#### Supplied data ####
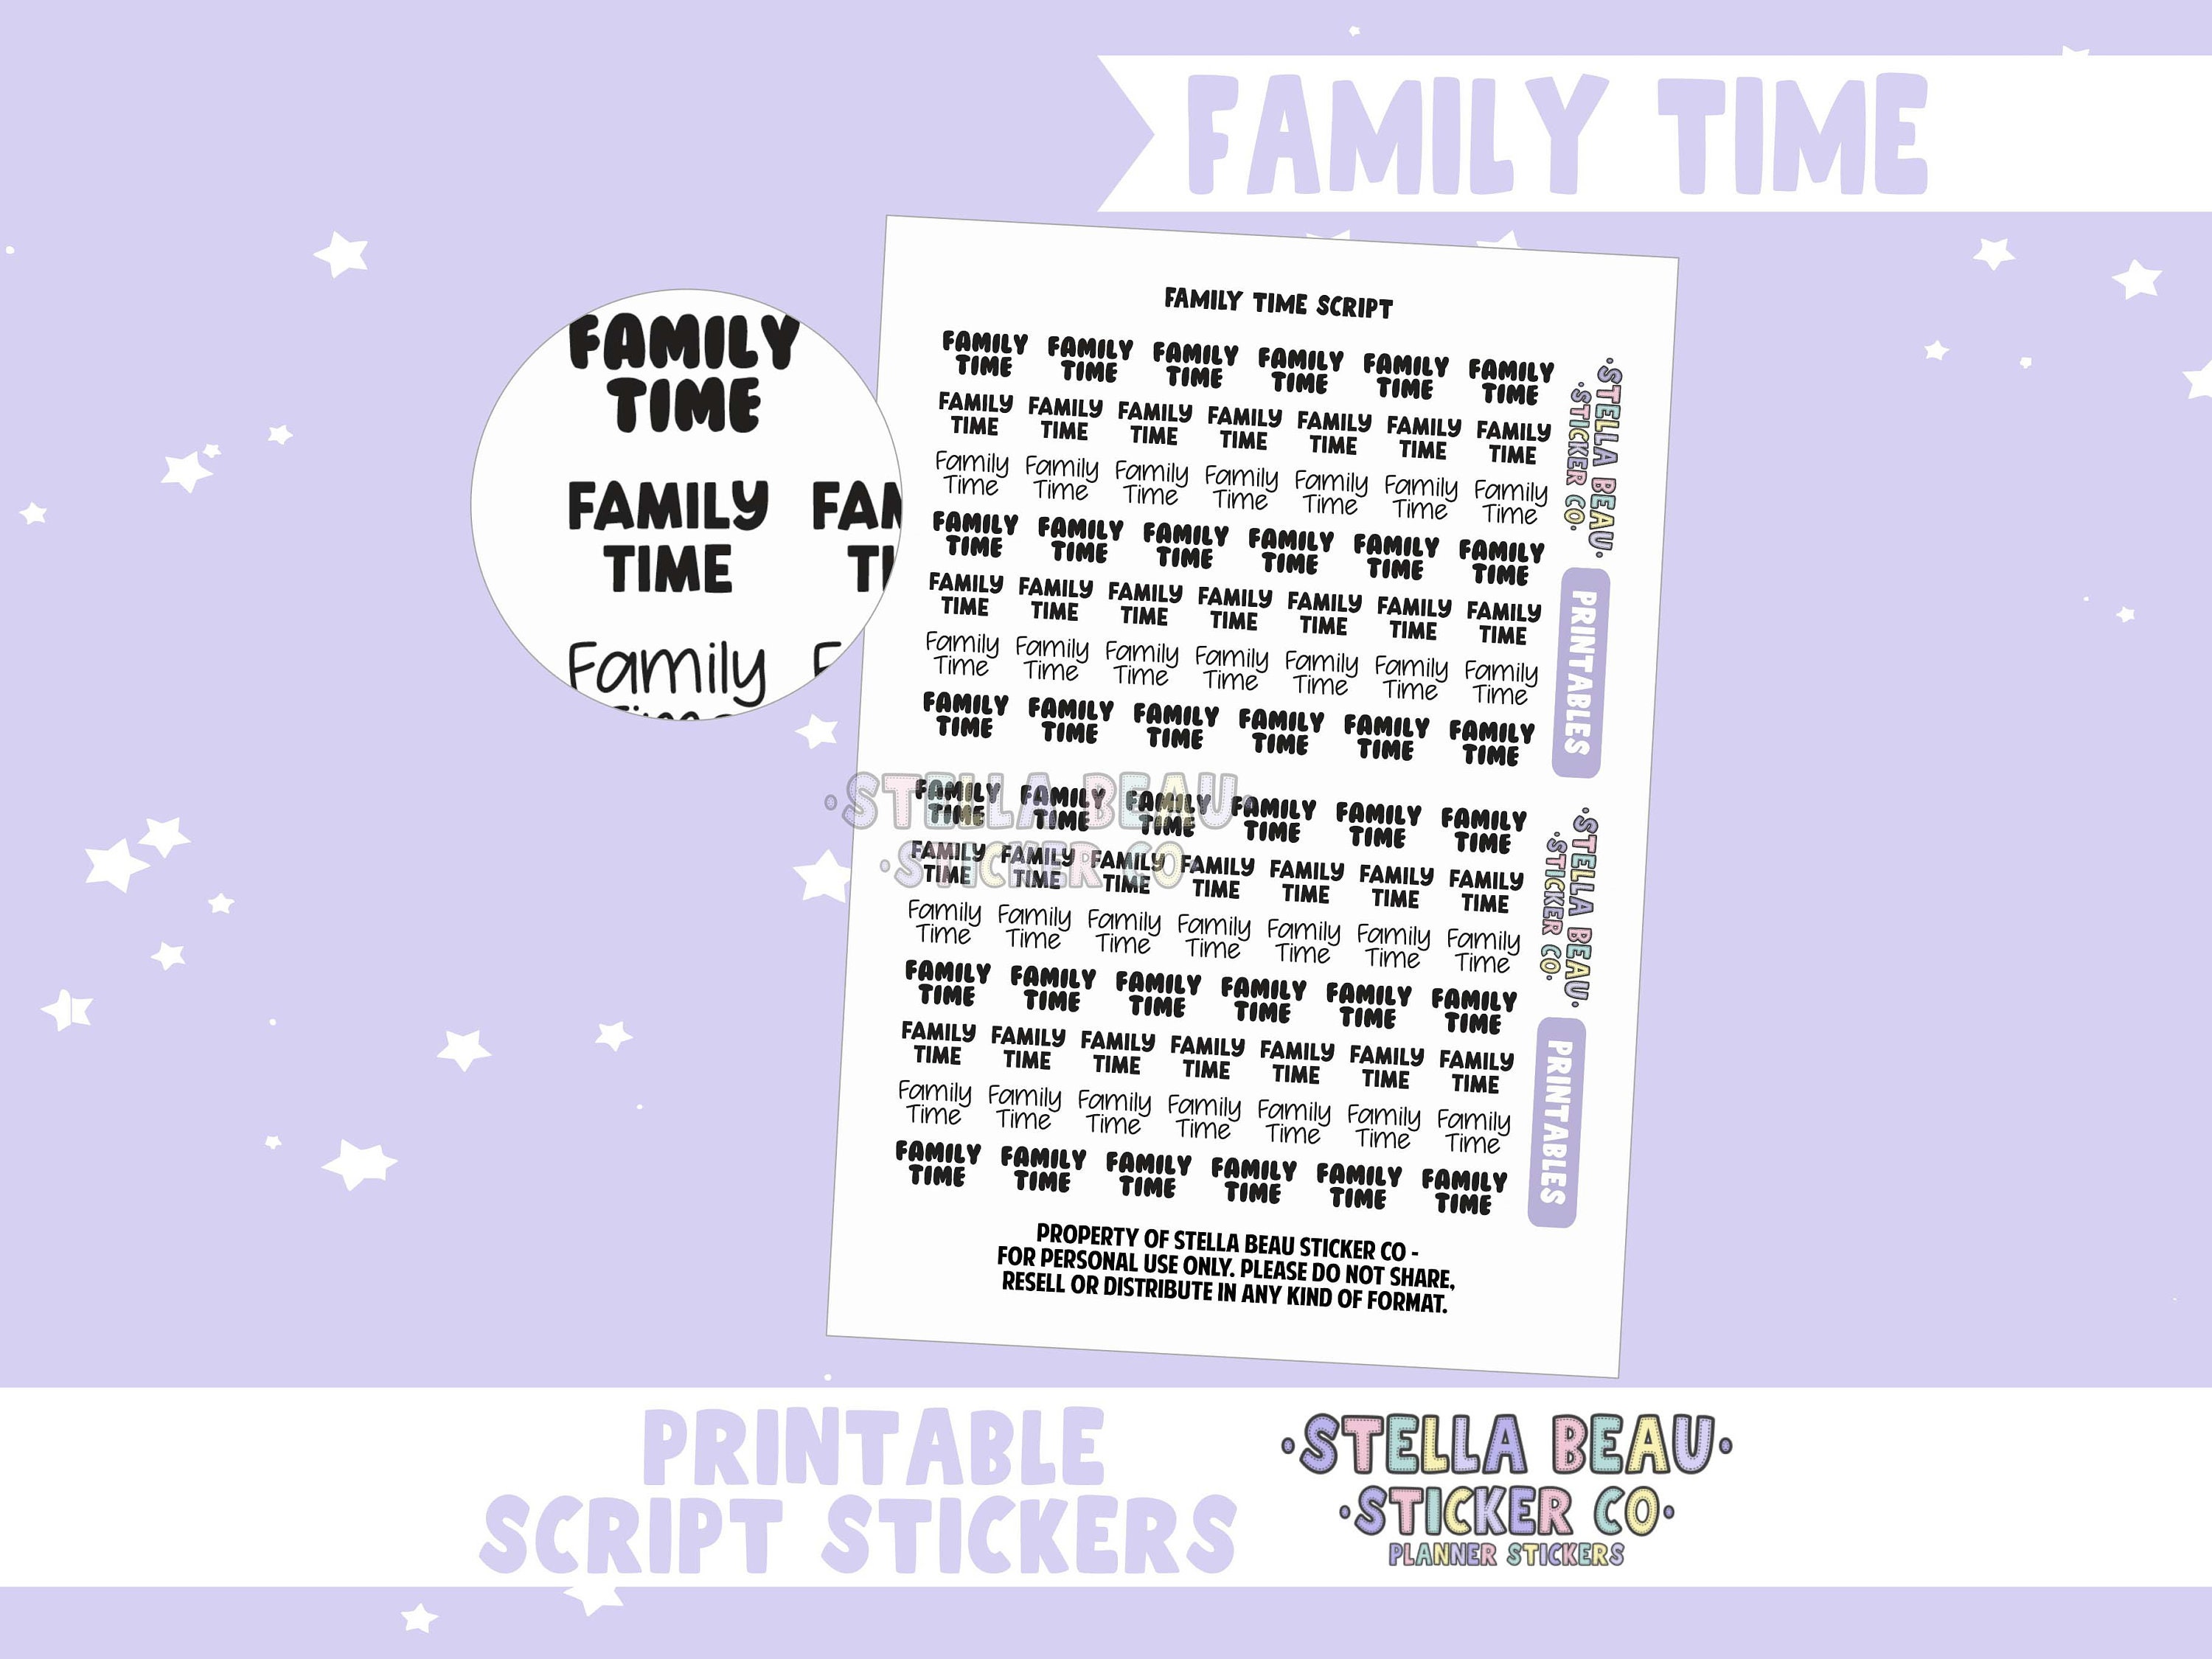 Family Stickers Printable Script Planner Stickers Family Planner Stickers PDF Family Time Script Planner Stickers Printable CUT Files
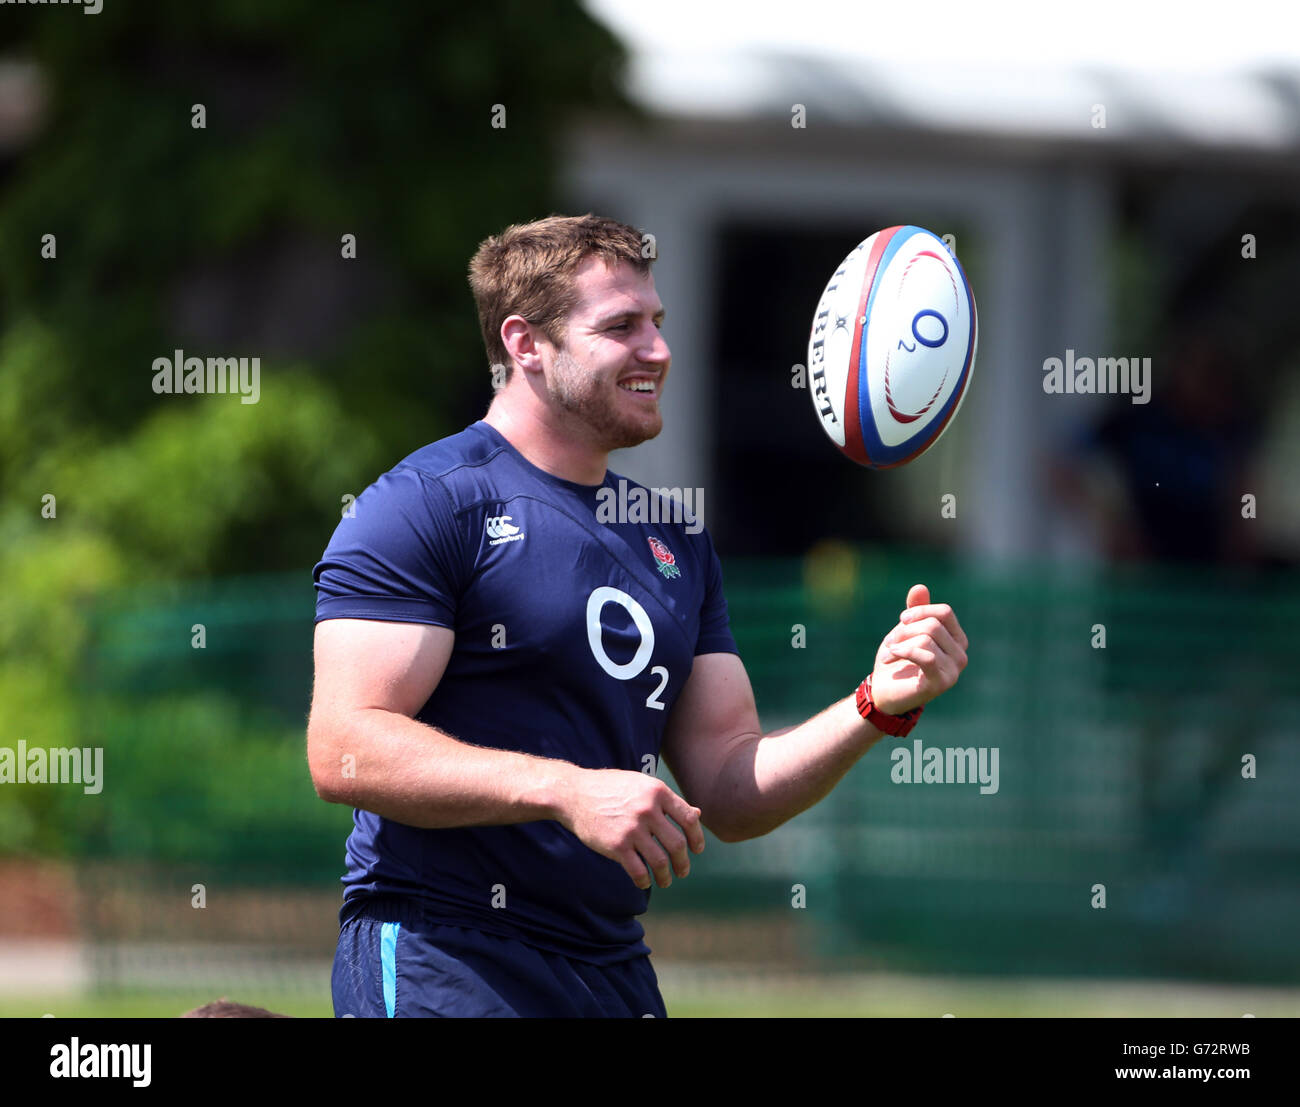 Rugby Union - Session de formation - Angleterre Lensbury Pitch Banque D'Images
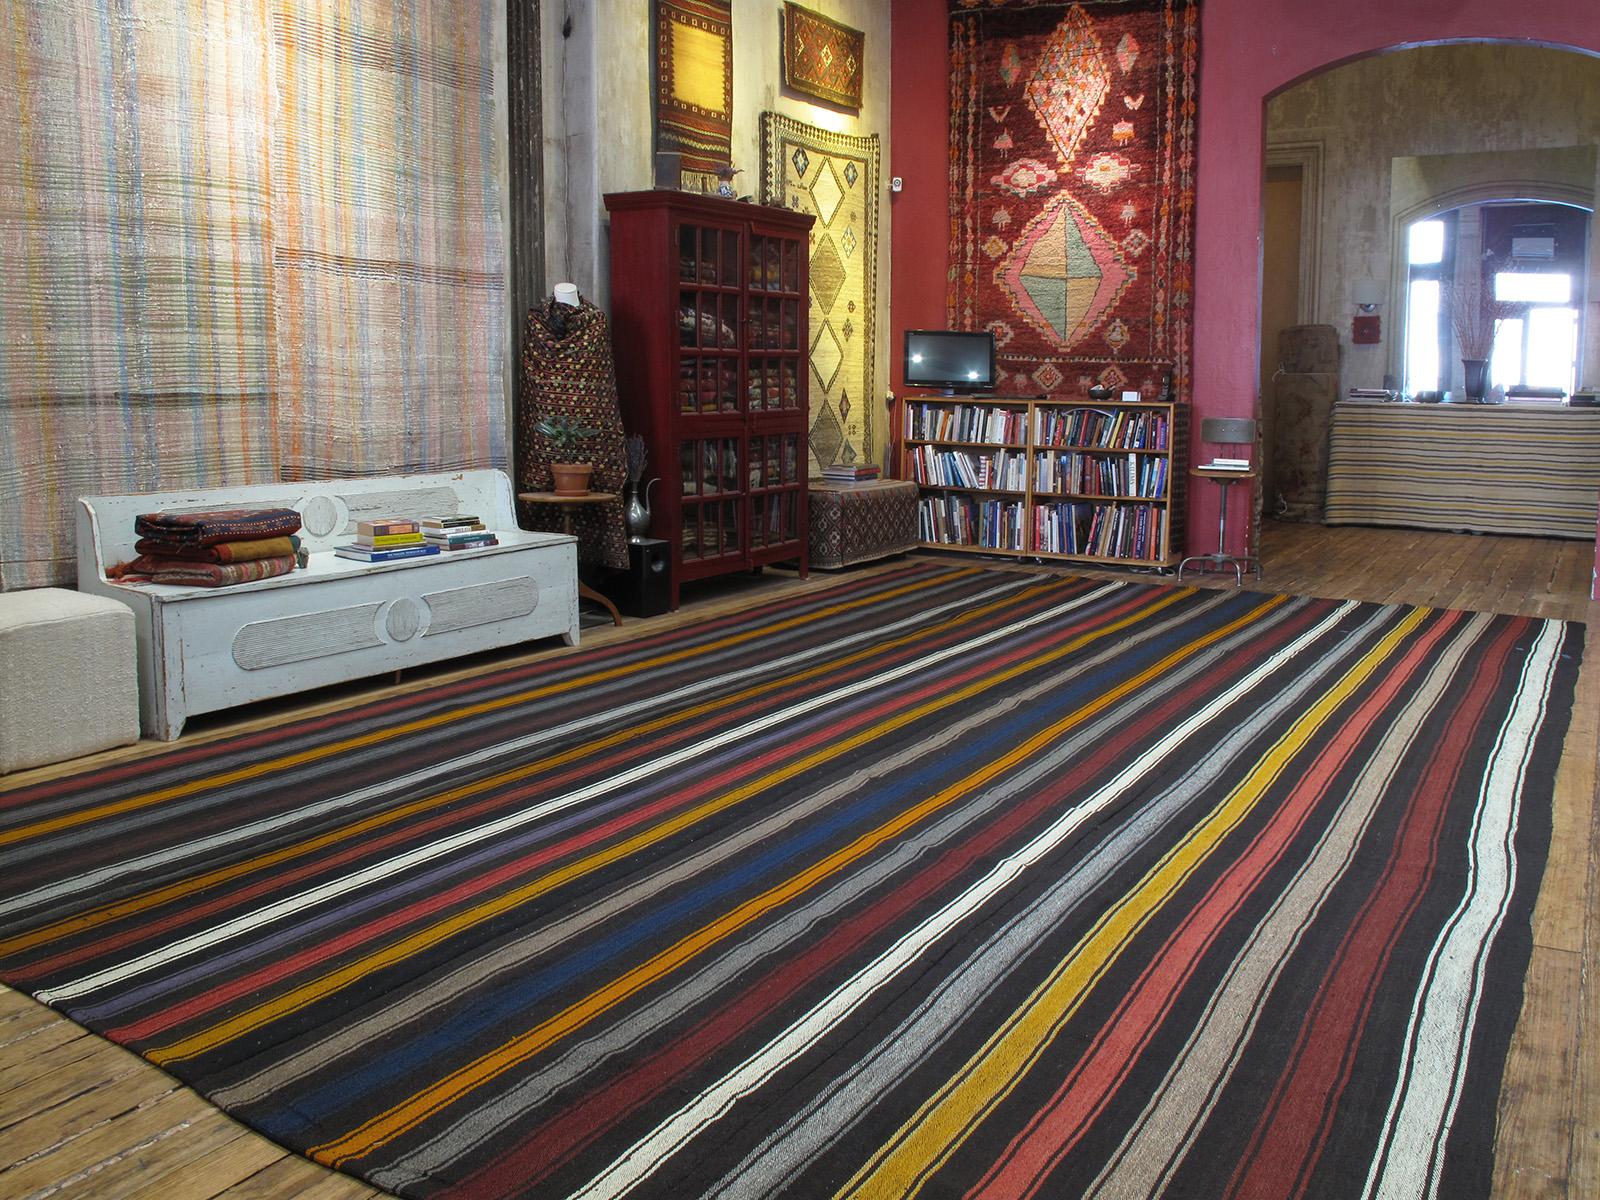 A very large tribal flat-weave from Southeastern Turkey, woven with wool and goat hair in multicolored vertical bands. A kilim like this would have been used as a utilitarian, everyday floor cover in the weaver's household. Despite its humble
####
* _Task instructions_: Omit the pictures and repeat the rest of the listing verbatim.

* _Answer to the exercise_:
 Family Stickers Printable Script Planner Stickers Family Planner Stickers PDF Family Time Script Planner Stickers Printable CUT Files
 Rugby Union - Session de formation - Angleterre Lensbury Pitch Banque D'Images
 A very large tribal flat-weave from Southeastern Turkey, woven with wool and goat hair in multicolored vertical bands. A kilim like this would have been used as a utilitarian, everyday floor cover in the weaver's household. Despite its humble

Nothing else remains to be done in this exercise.